Many view the Trump administration’s policies as inconsistent, but a closer look reveals something far more deliberate—a systematic strategy that disguises cruelty as reasonable governance
On June 24, the U.S. Embassy in Haiti issued a stark security alert advising American citizens not to travel to Haiti and urging those already in the country to leave immediately.

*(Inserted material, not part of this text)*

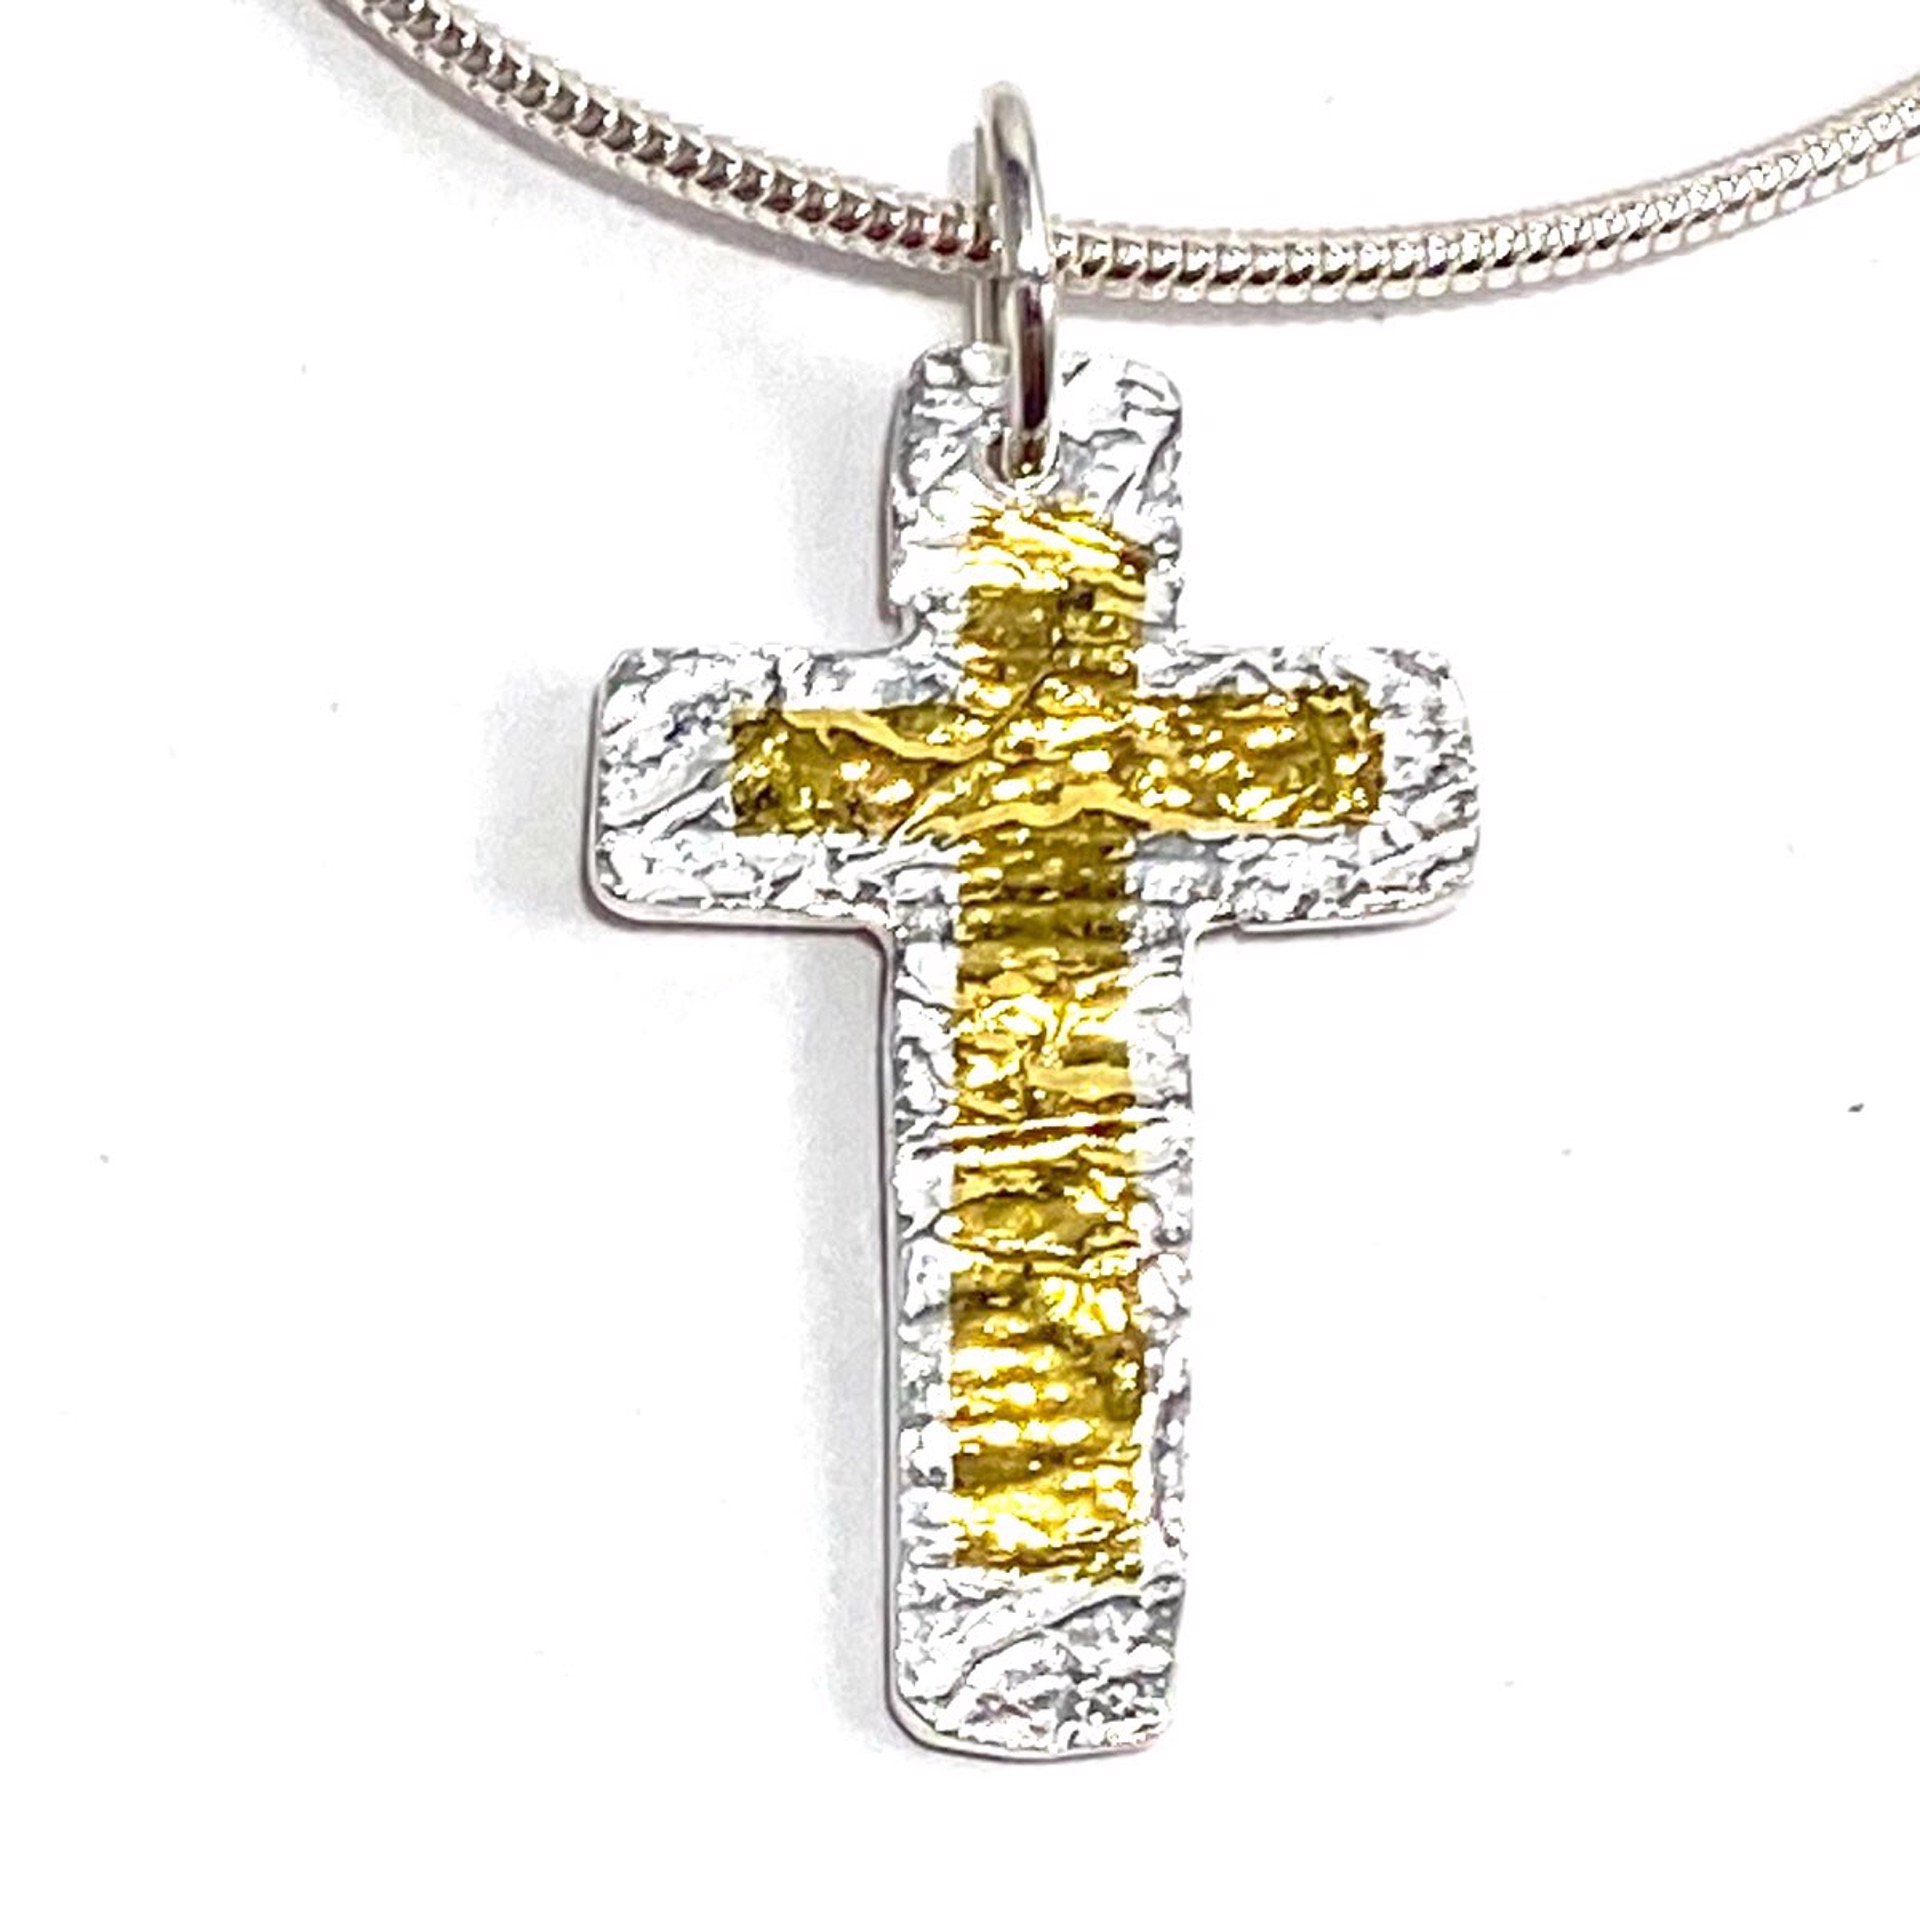 KH22-71 Keum-Boo Fine Silver and Gold Reversible Cross Necklace by Karen Hakim

The warning was so severe that U.S. government personnel were prohibited from taking commercial flights due to « potential risks to air traffic. »
Yet two days later, the Department of Homeland Security announced the complete termination of Temporary Protected Status for Haiti, claiming that « the environmental situation in Haiti has improved enough that it is safe for Haitian citizens to return home. »
This decision affects over 500,000 Haitians who had been protected under the program.
Many view the Trump administration’s policies as inconsistent, but a closer look reveals something far more deliberate—a systematic strategy that disguises cruelty as reasonable governance.
The termination of Temporary Protected Status (TPS) for Haitians is not isolated. It is part of a broader effort to erase Black and brown people from the American story.
This quiet purge is not limited to Haiti and is unfolding on multiple fronts. It is the removal of National Park Service pages about Harriet Tubman and the Underground Railroad, the deletion of Jackie Robinson’s military service history during the Pentagon’s DEI ( Diversity, Equity, and Inclusion) purge, and the renaming of Navy ships that honor civil rights leaders like Thurgood Marshall and Medgar Evers.
These are not random acts. They are carefully coordinated steps in a larger plan to redefine who gets to belong in America.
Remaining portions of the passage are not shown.